If France was in sparkling form, it would all be mildly amusing. But given the real and parlous state of the country, this play-acting is dangerous and disastrous.
The Front National continues to progress faster that unemployment and the current account deficit or the level of taxation.

The tragedy, says Le Figaro, is that we have to put up with this tawdry drama for another two years.

Communist L'Humanité wonders what the left wing can learn from Sunday's defeat, especially in the light of the more than 170 councillors elected under the banner of Jean-Luc Mélenchon's Left Front. Crucially, according to the Communist Party daily, the left has to find a new direction, especially on the economic front, to enable a real unification against the conservatives.

Left-leaning Libération has a different pill to chew, devoting this morning's front page to a new health bill, to be debated later today at the National Assembly.

The bill has already made quite a few people ill, not least many French doctors who see the proposed legislation as a sneaky way of controlling their fees.

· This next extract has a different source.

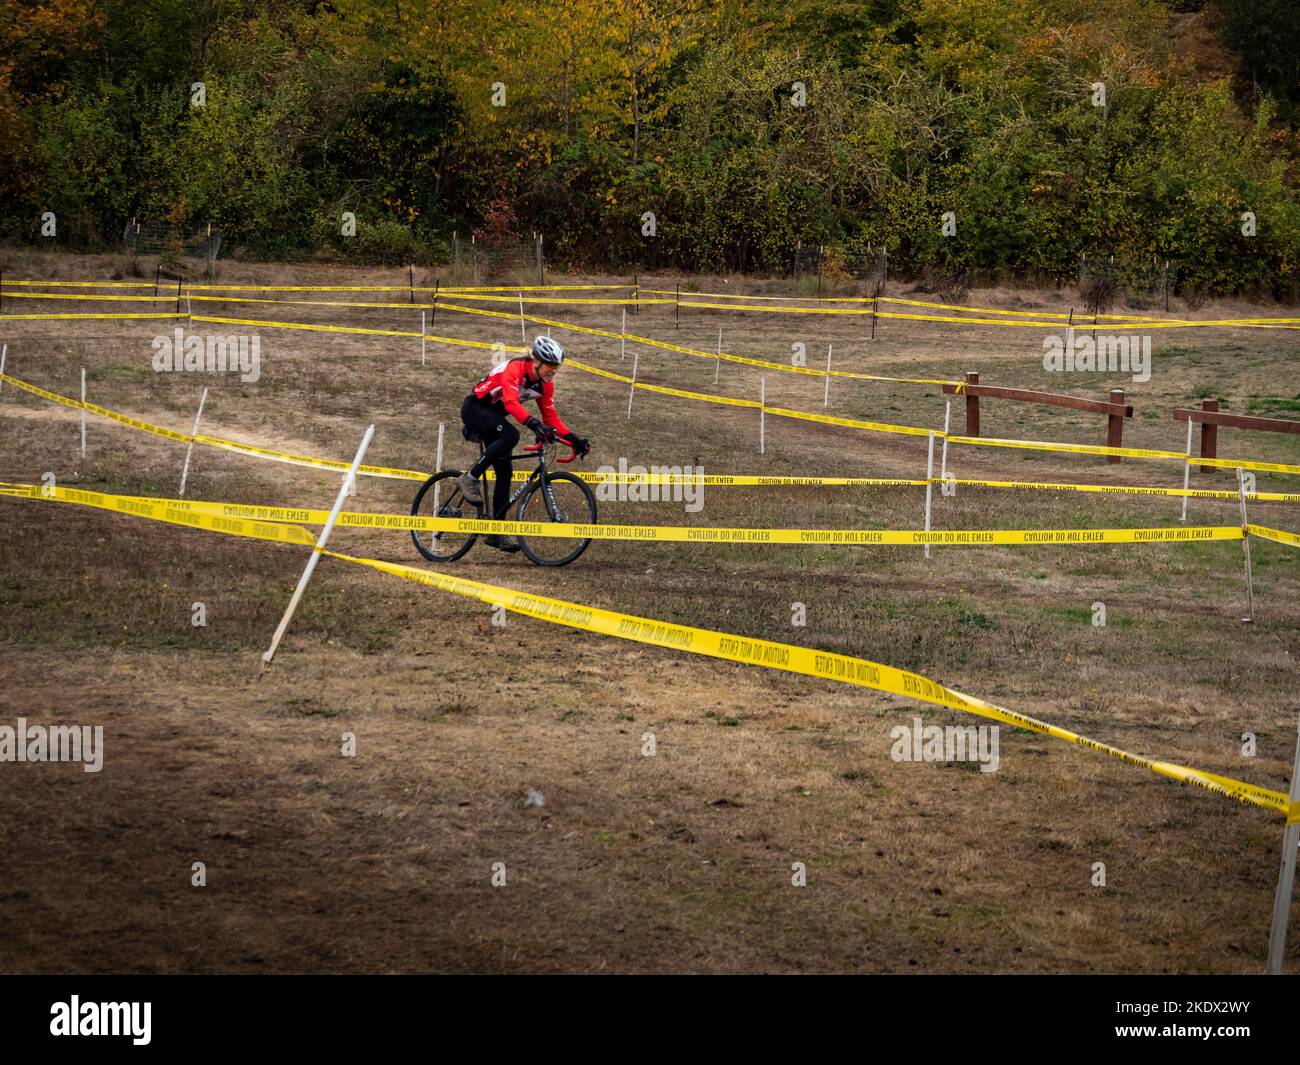 WA22471-00...WASHINGTON - Tom Kirkendall negotiating through a series of twisting turns at the Cross Revulsion Fort Steilacoom cyclocross race in Lake Stock Photo
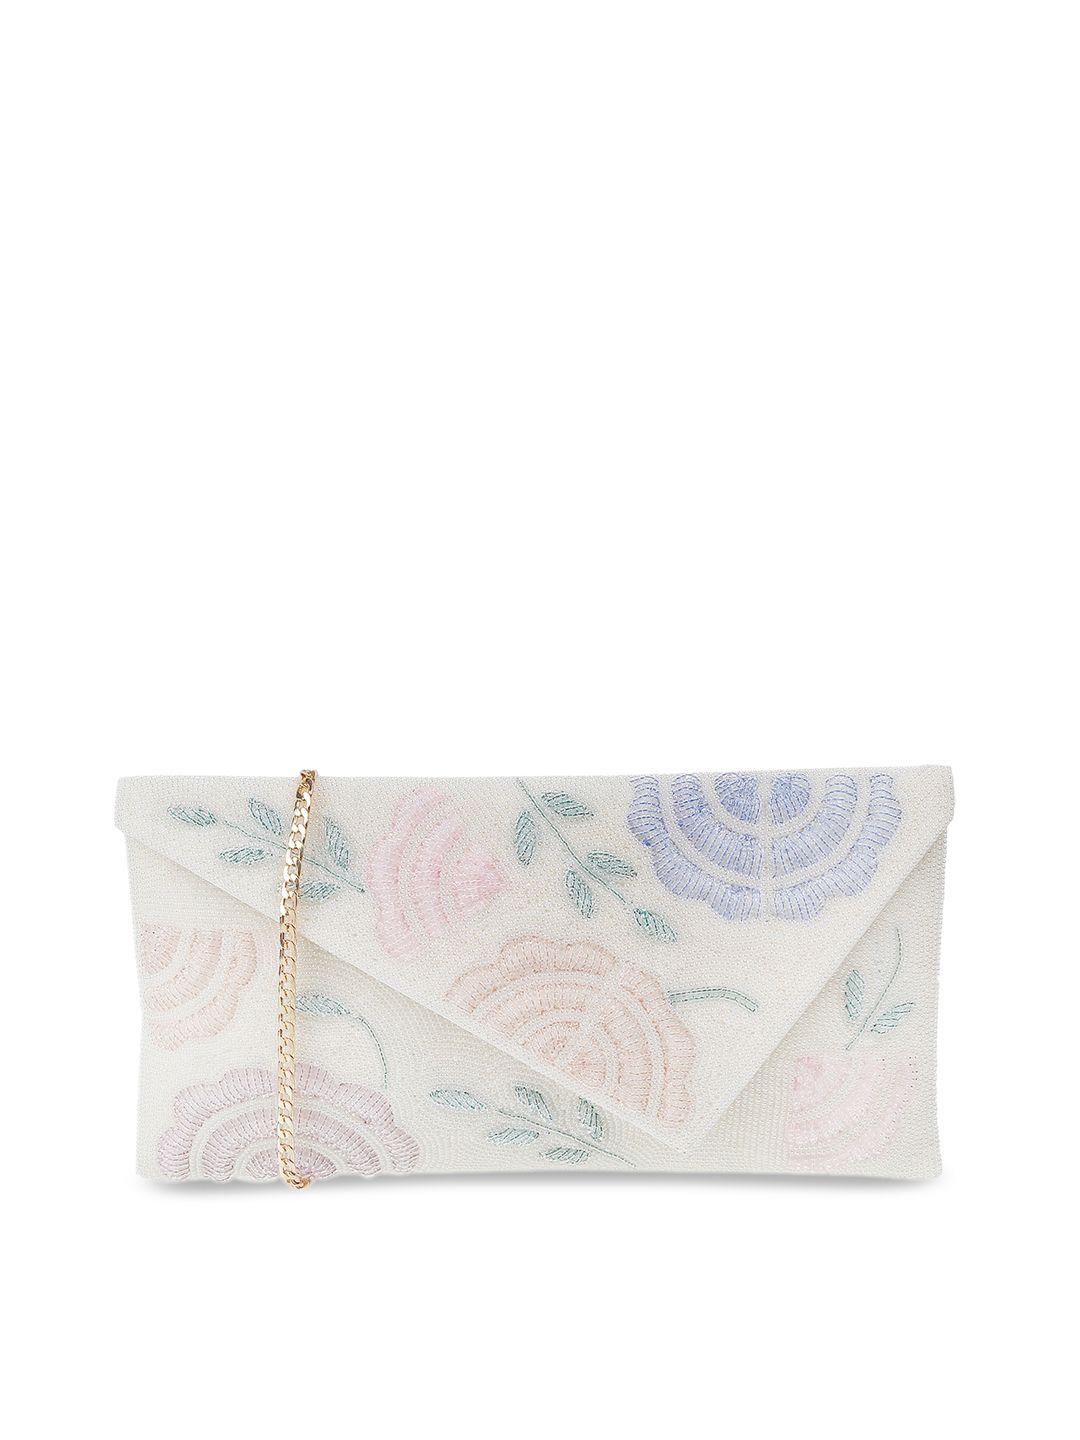 metro off white & green embroidered envelope clutch

In fact, says Libé, this wide-ranging bill addresses a lot more than the issue of how much the French pay for medical care.

The basic idea is to modernise the French medical system. Tobacco-related illnesses, obesity, cancer and a long-anticipated update of the regulations surrounding abortion are the real keys to a debate which has been unfairly reduced by some practitioners to a question of how much we pay our doctors.

On its inside pages Libération looks at the questionable means deployed by the Berlin-based news magazine Bild to reveal details of the life of the copilot of the crashed Germanwings flight and to harass the families of some of the victims.

The magazine, which is a European best-seller, has had a team of 20 journalists working full-time since the crash, an approach which has enabled Bild to publish information before the official news releases from the French and German police.

The Bild method has been harshly criticised, particularly by the families of the 16 college students who lost their lives, many of whom were called by the paper'sjournalists for reactions in the hours after the announcement of the tragic news.

Says one Berlin police officer, referring to the fact that Bild journalists pay for tip-offs from the public, it is not rare for the journalists to arrive at certain crime scenes ahead of the police.